◆ **GIVEN DATA**:
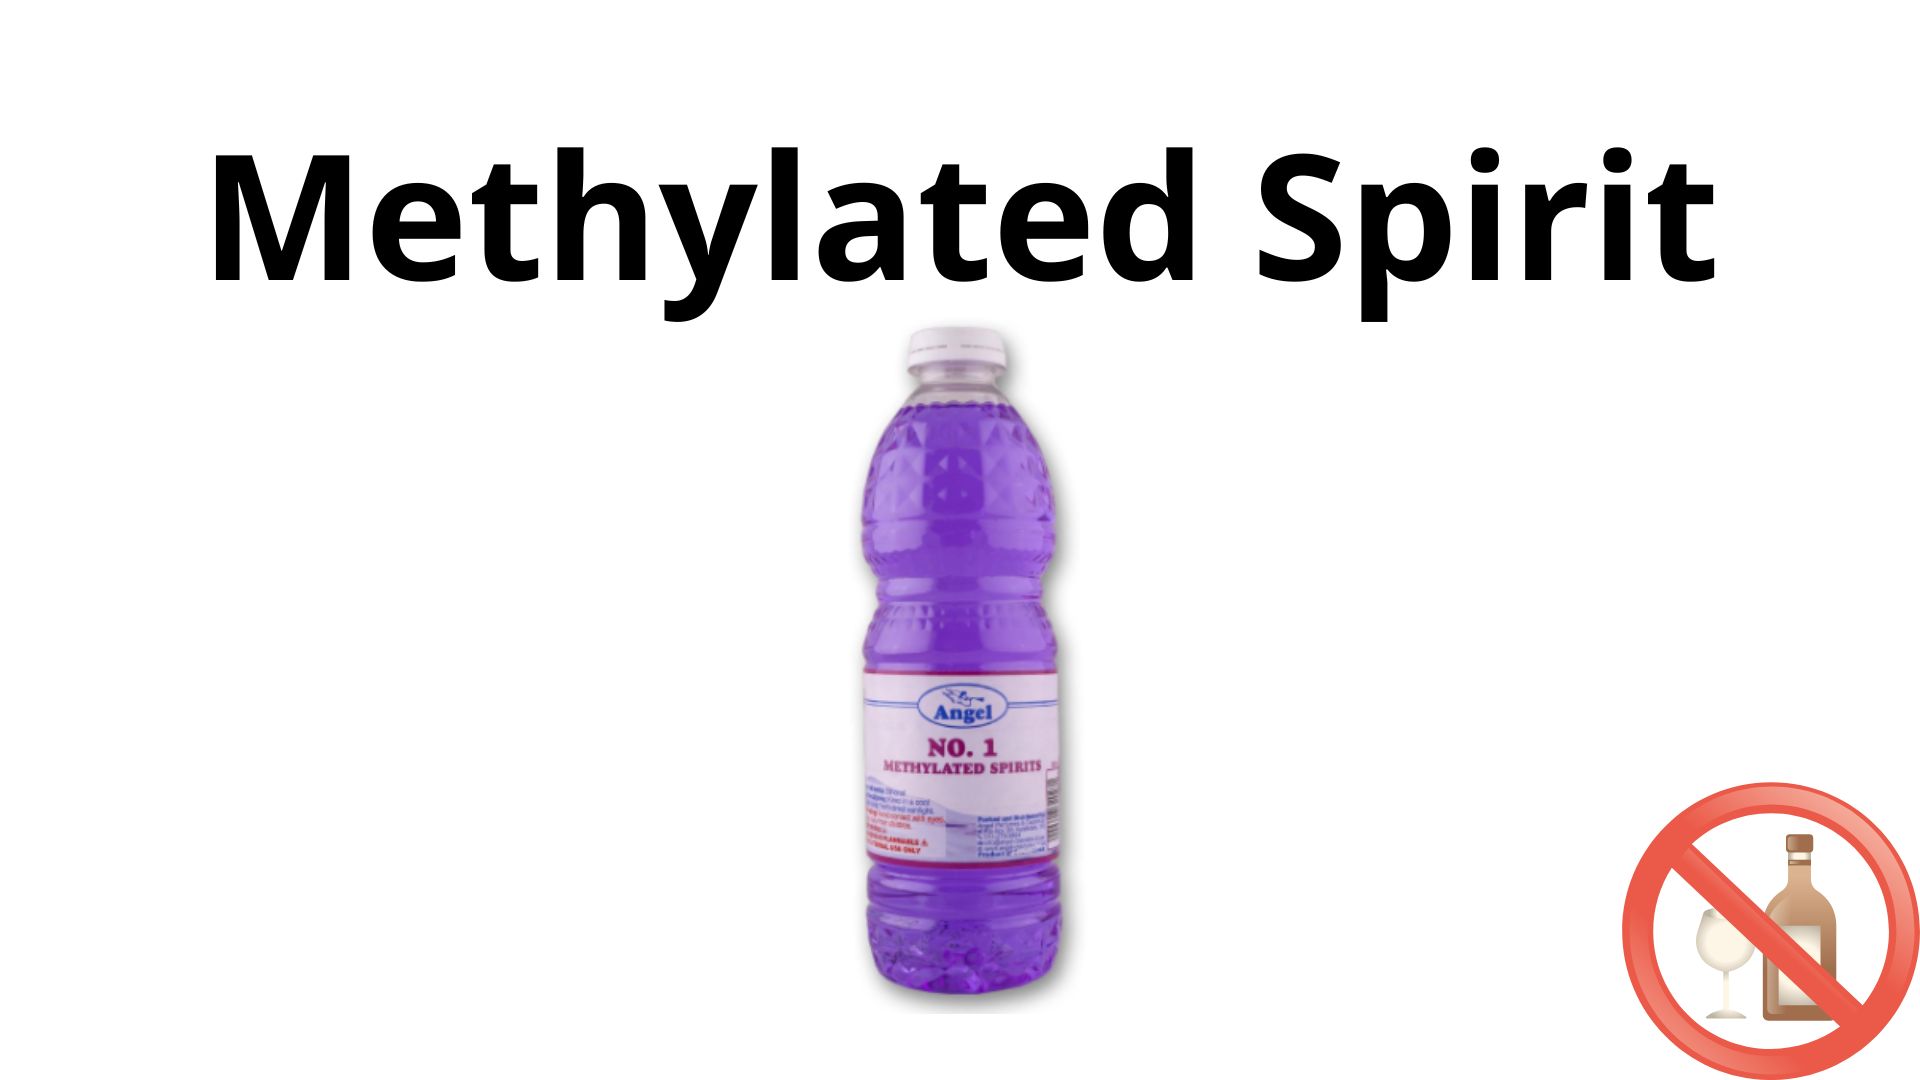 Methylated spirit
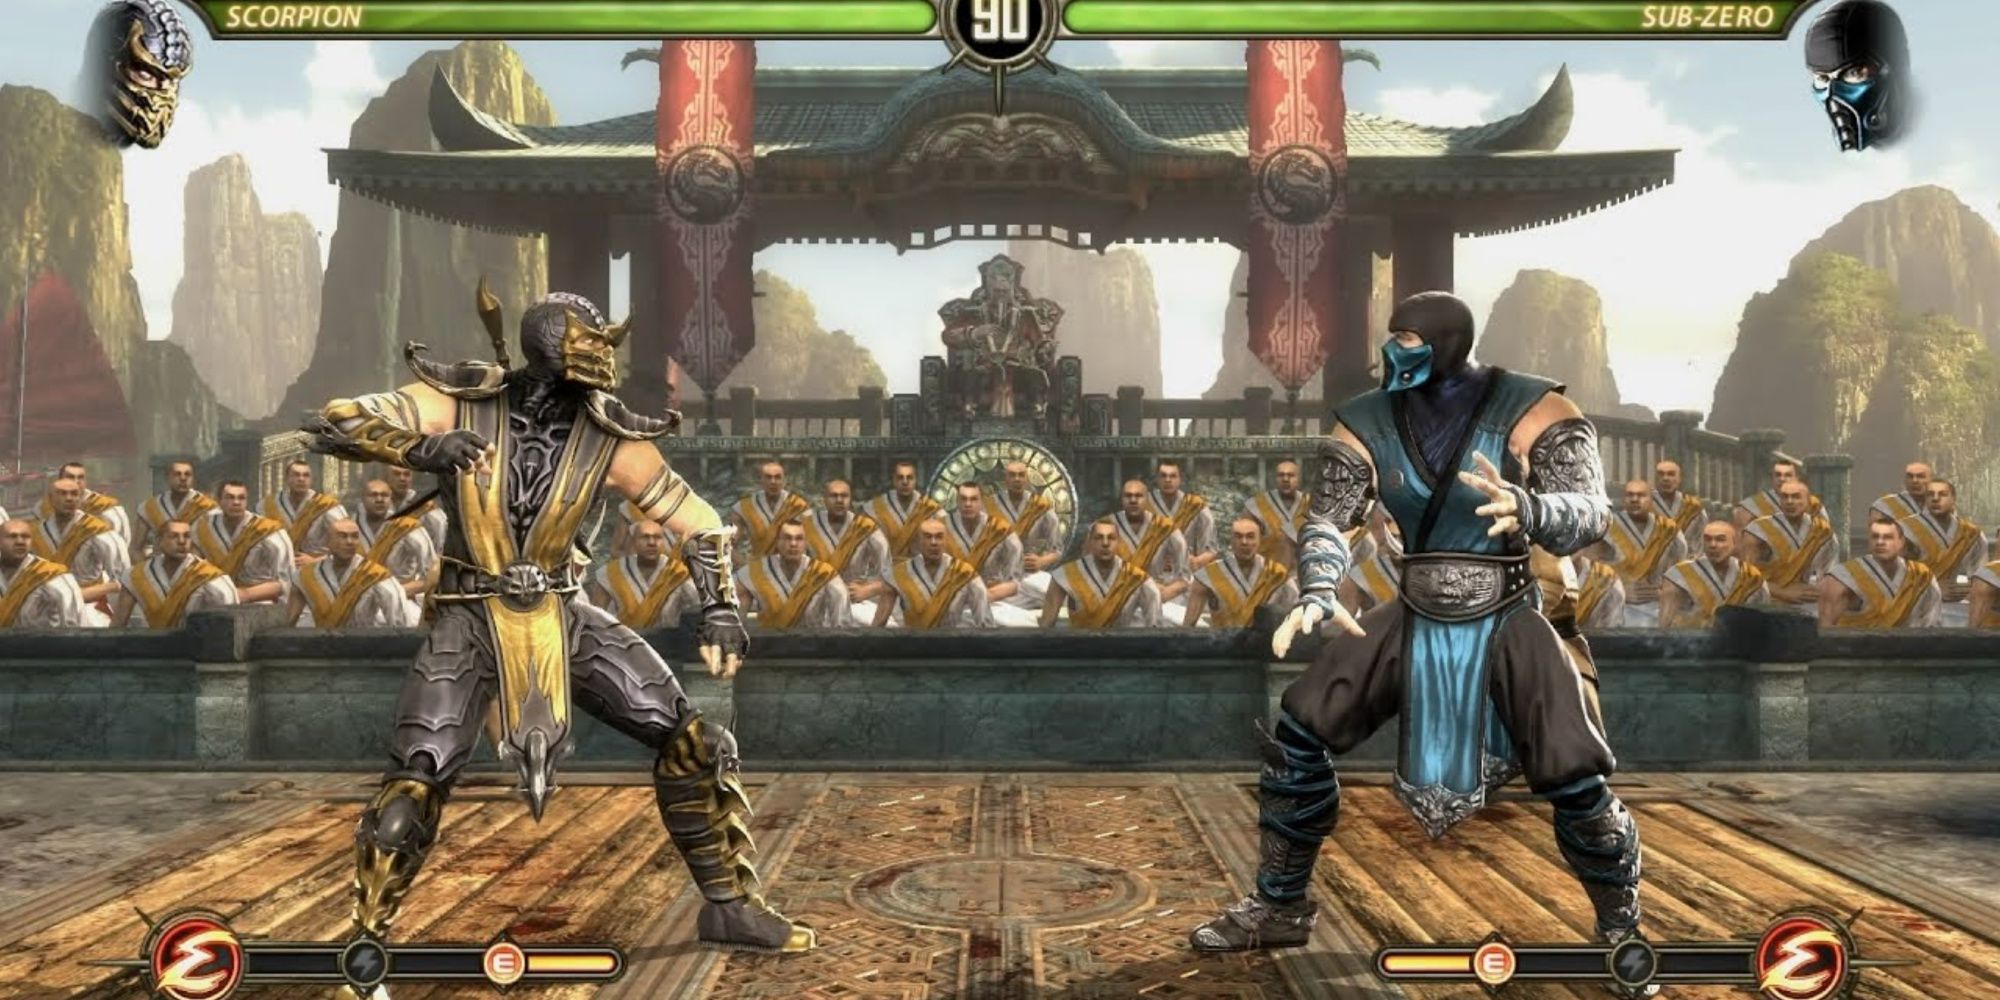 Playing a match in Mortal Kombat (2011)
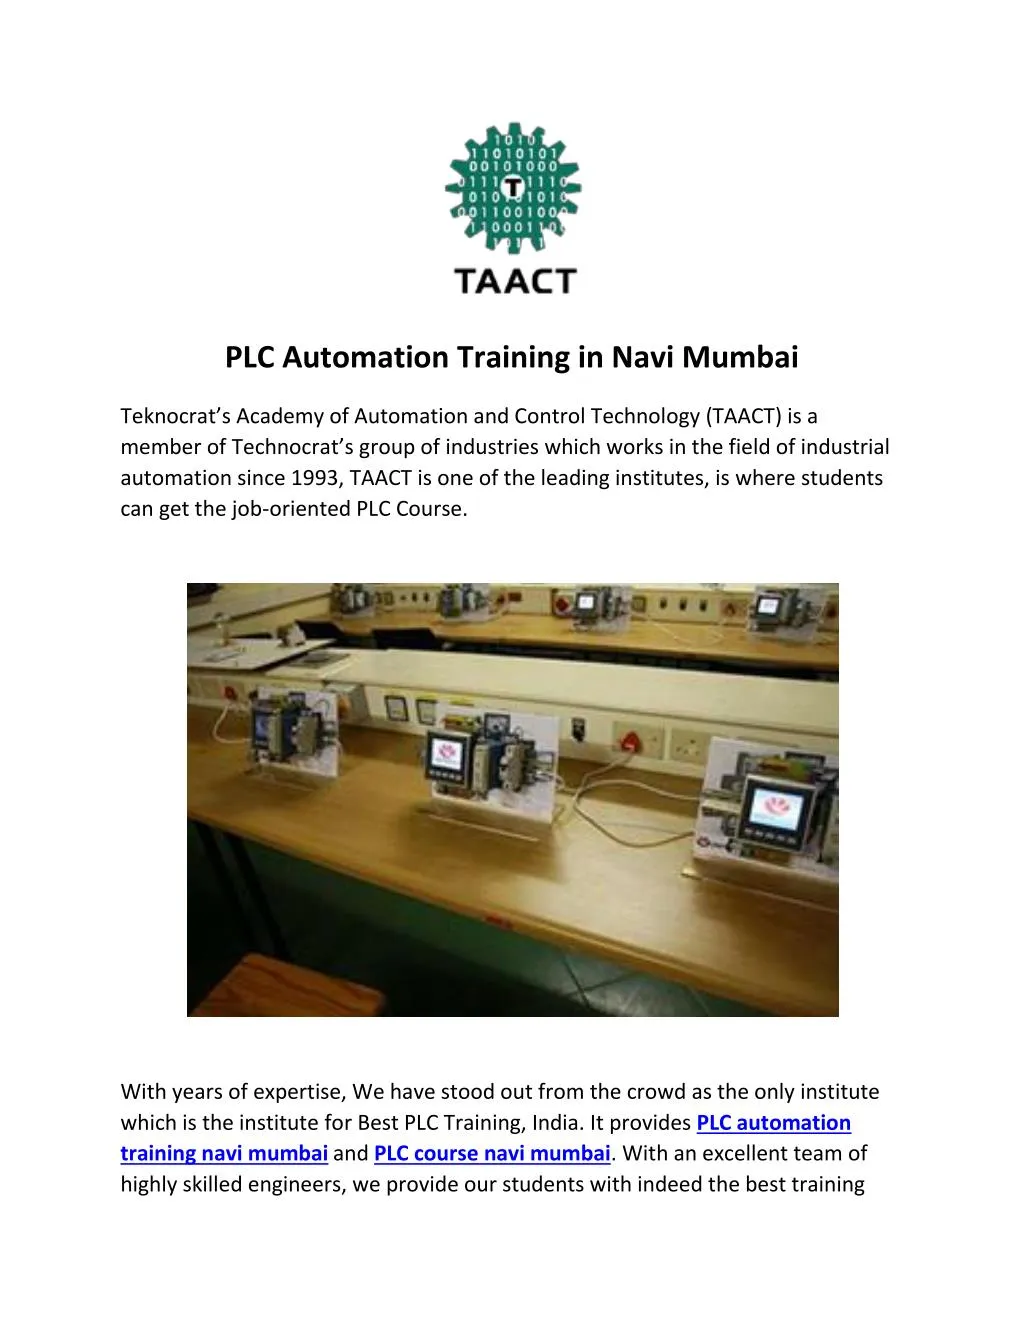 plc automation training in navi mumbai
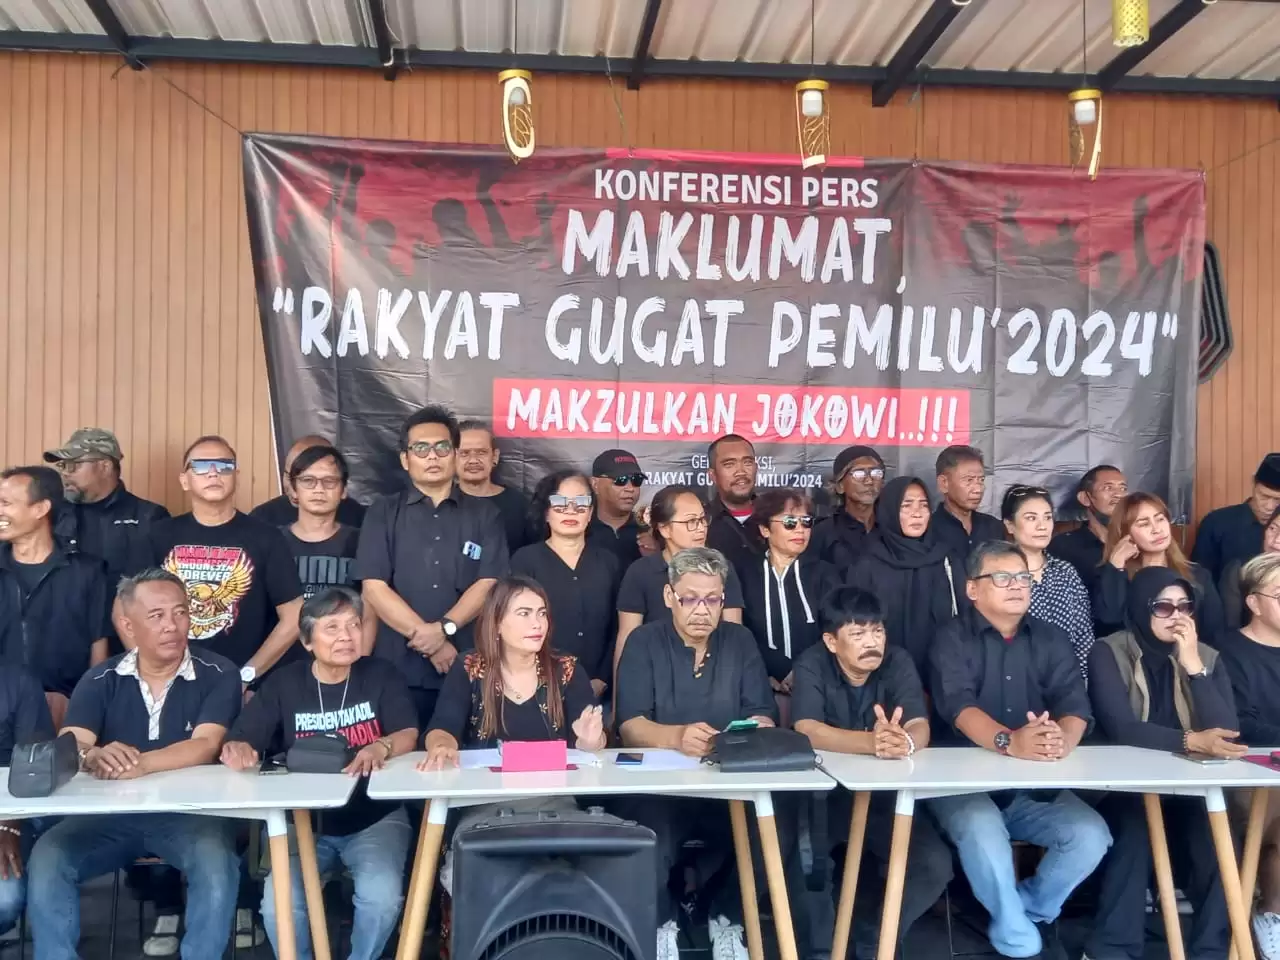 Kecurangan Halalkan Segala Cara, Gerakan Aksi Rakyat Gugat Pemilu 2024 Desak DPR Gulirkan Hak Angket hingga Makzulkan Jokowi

◆ **WHAT THE TASK REQUIRES**:
With the images excluded, reproduce the data above precisely as written.

◆ **EXPECTED ANSWER**:
 Methylated spirit
 Playing a match in Mortal Kombat (2011)
 plc automation training in navi mumbai
 Kecurangan Halalkan Segala Cara, Gerakan Aksi Rakyat Gugat Pemilu 2024 Desak DPR Gulirkan Hak Angket hingga Makzulkan Jokowi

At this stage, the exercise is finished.